WHAT THIS TASK INVOLVES:
Below is a listing. Quote from it, exactly, the lines from the one containing "MB-Vans_110%_1800x760" down to the one containing "Zentralbibliothek Zürich - Portät", both ends included, and nothing else.

SUPPLIED ENTRIES:
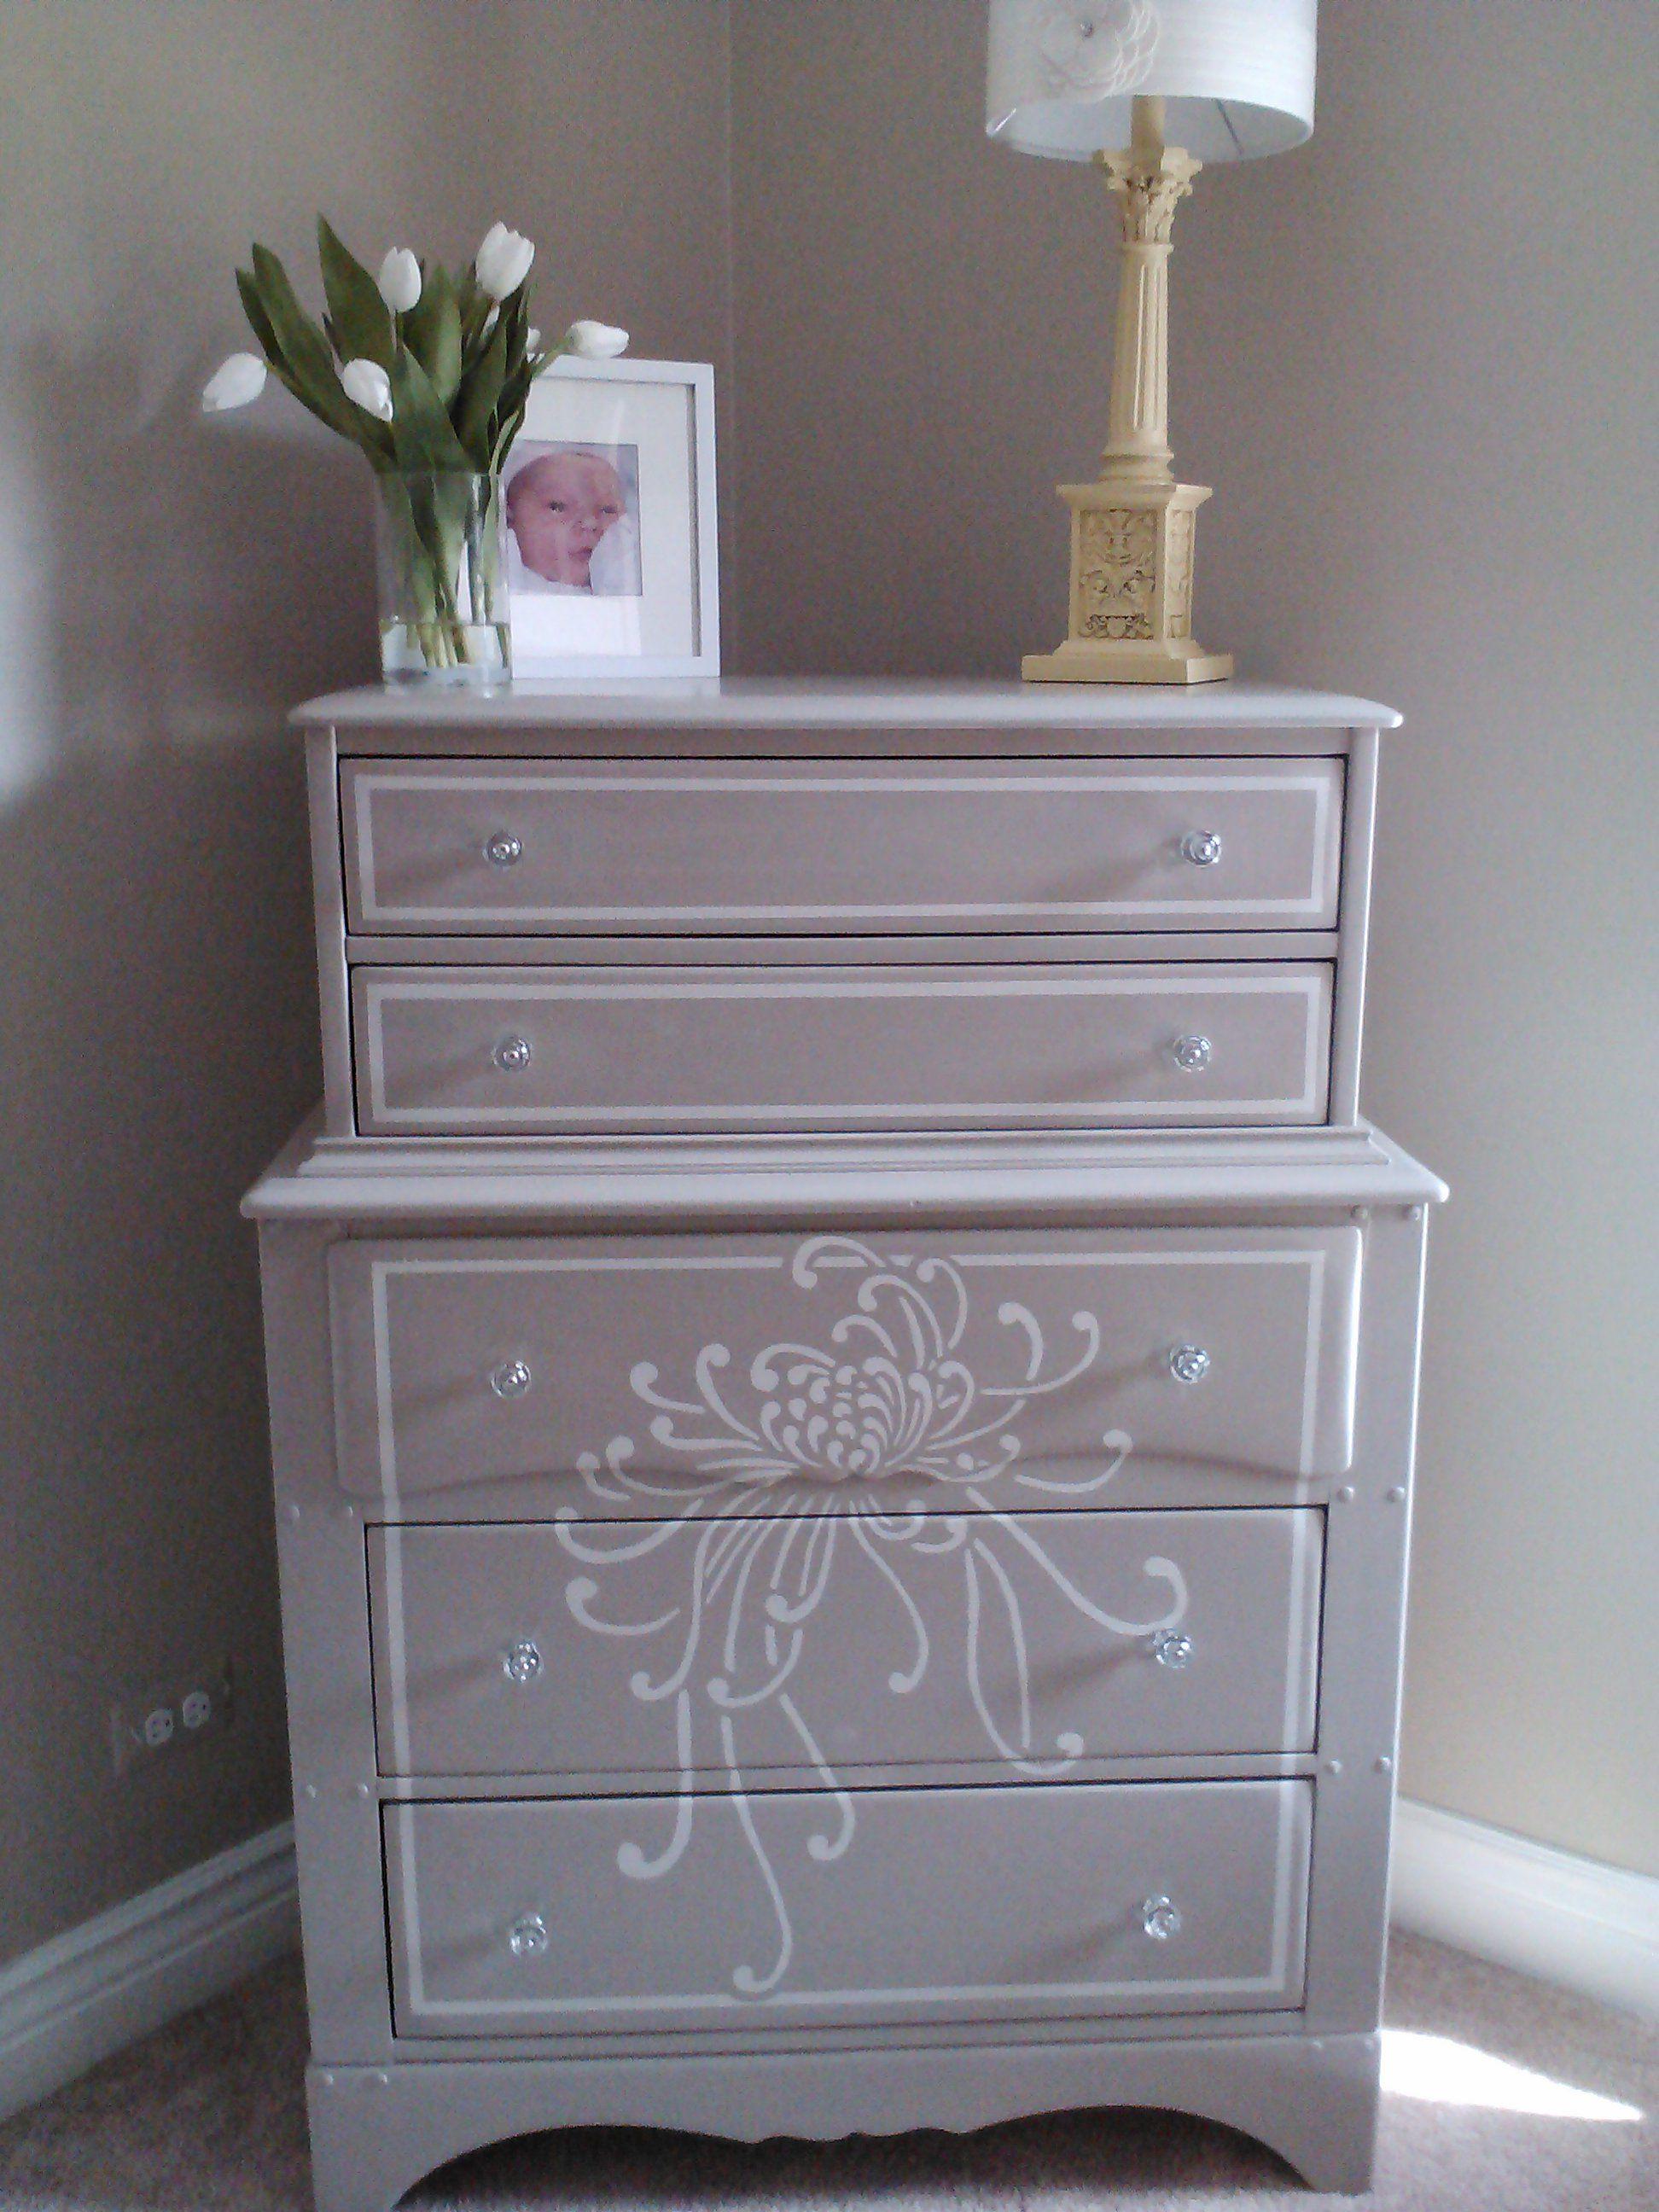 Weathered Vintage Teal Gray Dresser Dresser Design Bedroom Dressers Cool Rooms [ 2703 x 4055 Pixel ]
==
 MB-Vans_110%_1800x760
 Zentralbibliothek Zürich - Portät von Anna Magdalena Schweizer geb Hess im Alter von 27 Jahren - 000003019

ANSWER TO THE EXERCISE:
 MB-Vans_110%_1800x760
 Zentralbibliothek Zürich - Portät von Anna Magdalena Schweizer geb Hess im Alter von 27 Jahren - 000003019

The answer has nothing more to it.